*Data block*:

◇ ◇ ◇

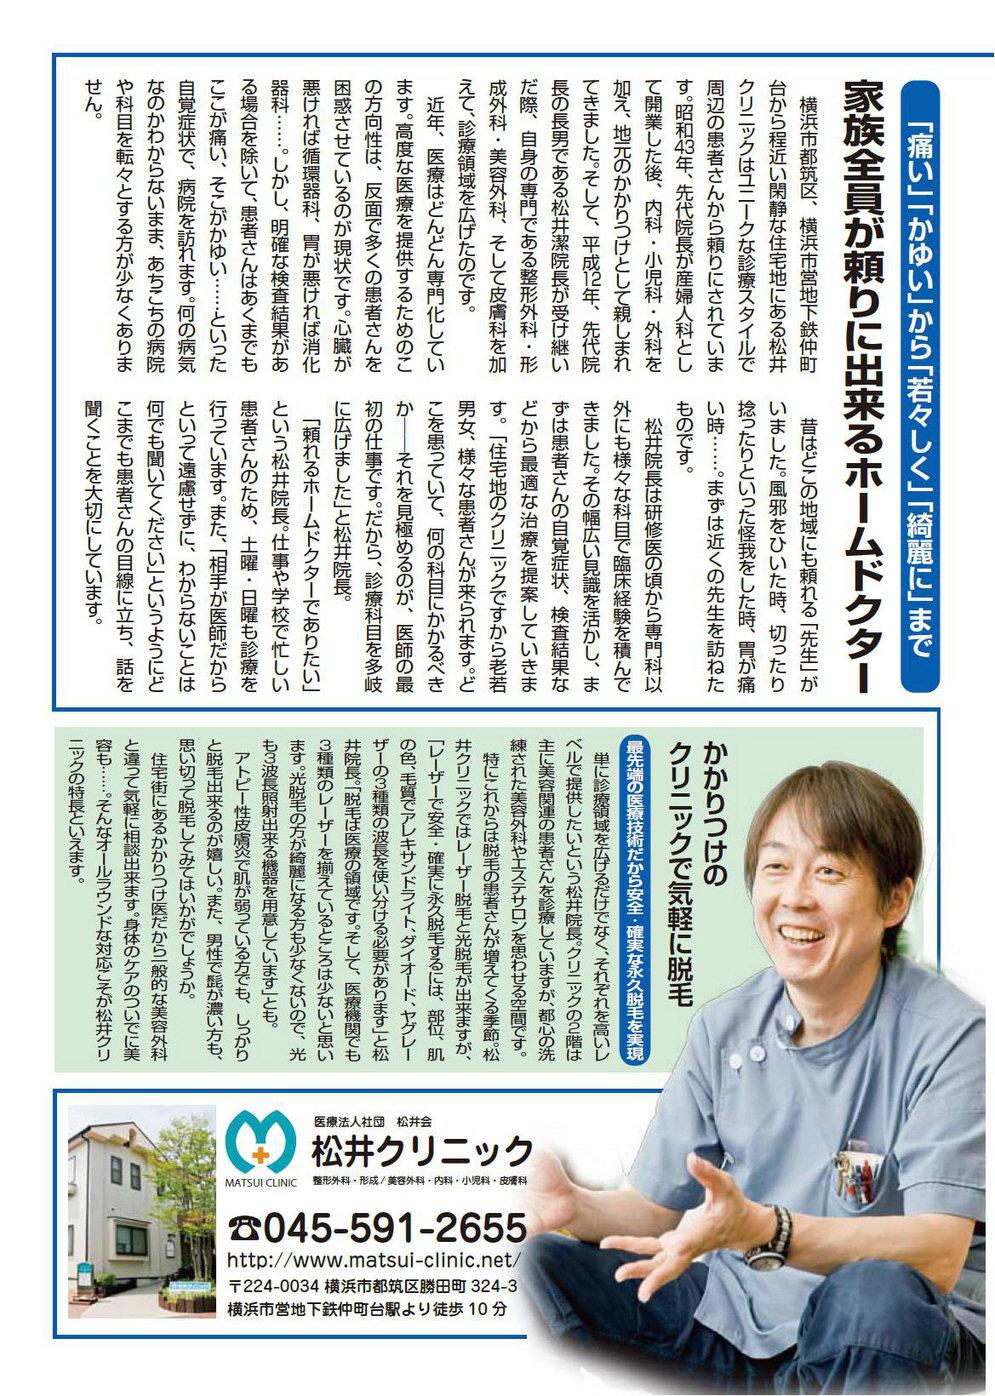 「TVホスピタル 6月号」にて紹介されました画像02
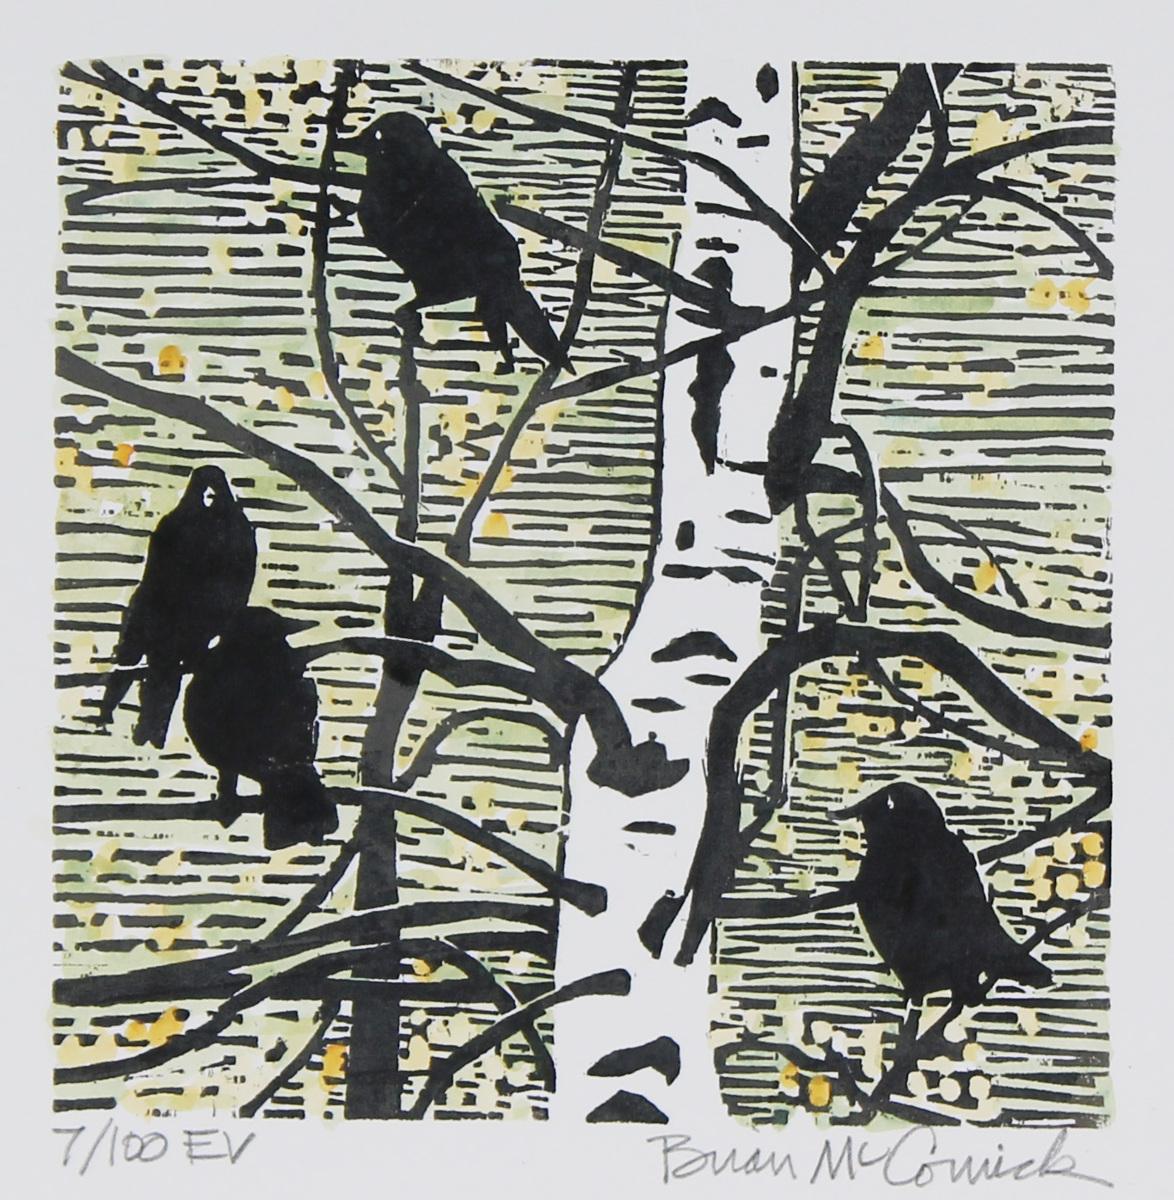 Four Crows, 7/100 EV (large view)
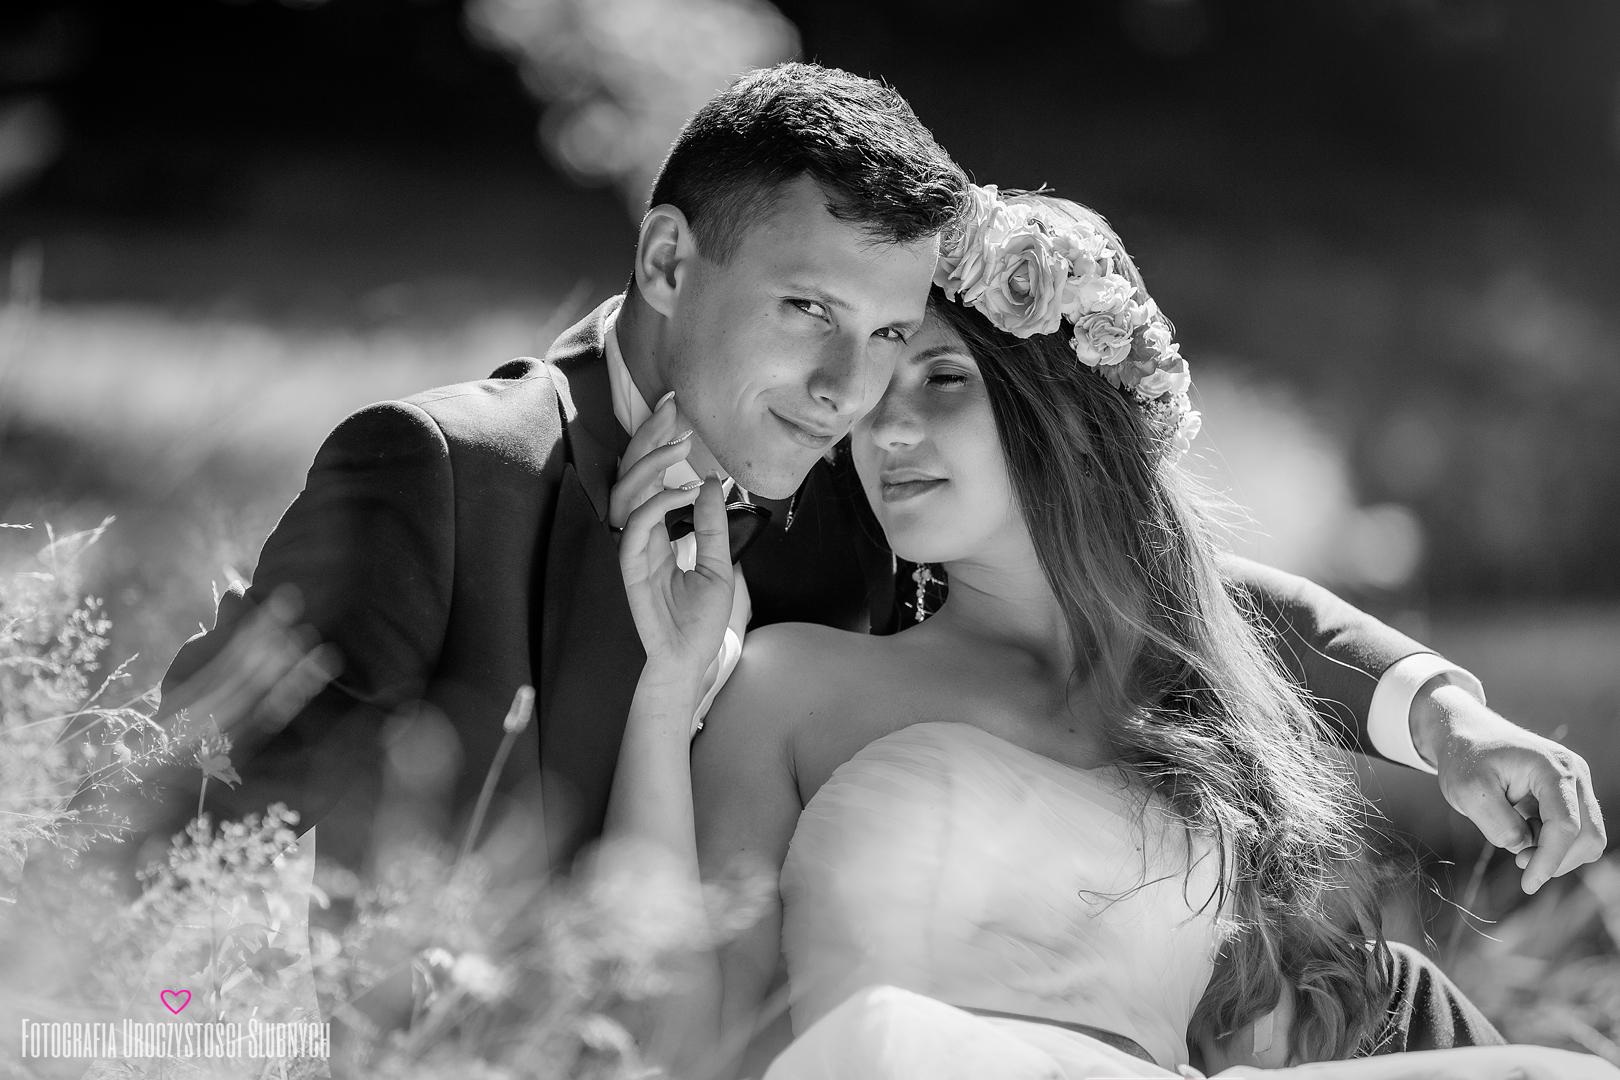 Ślubna sesja plenerowa w Jeleniej Górze. Artystyczna fotografia ślubna - Klaudia Cieplińska. Zdjęcia ślubne Jelenia Góra.

◇ ◇ ◇

*Task prompt*: What is needed is every line of the data above, set down exactly but with the images left out.

*Answer space*:
 「TVホスピタル 6月号」にて紹介されました画像02
 Four Crows, 7/100 EV (large view)
 Ślubna sesja plenerowa w Jeleniej Górze. Artystyczna fotografia ślubna - Klaudia Cieplińska. Zdjęcia ślubne Jelenia Góra.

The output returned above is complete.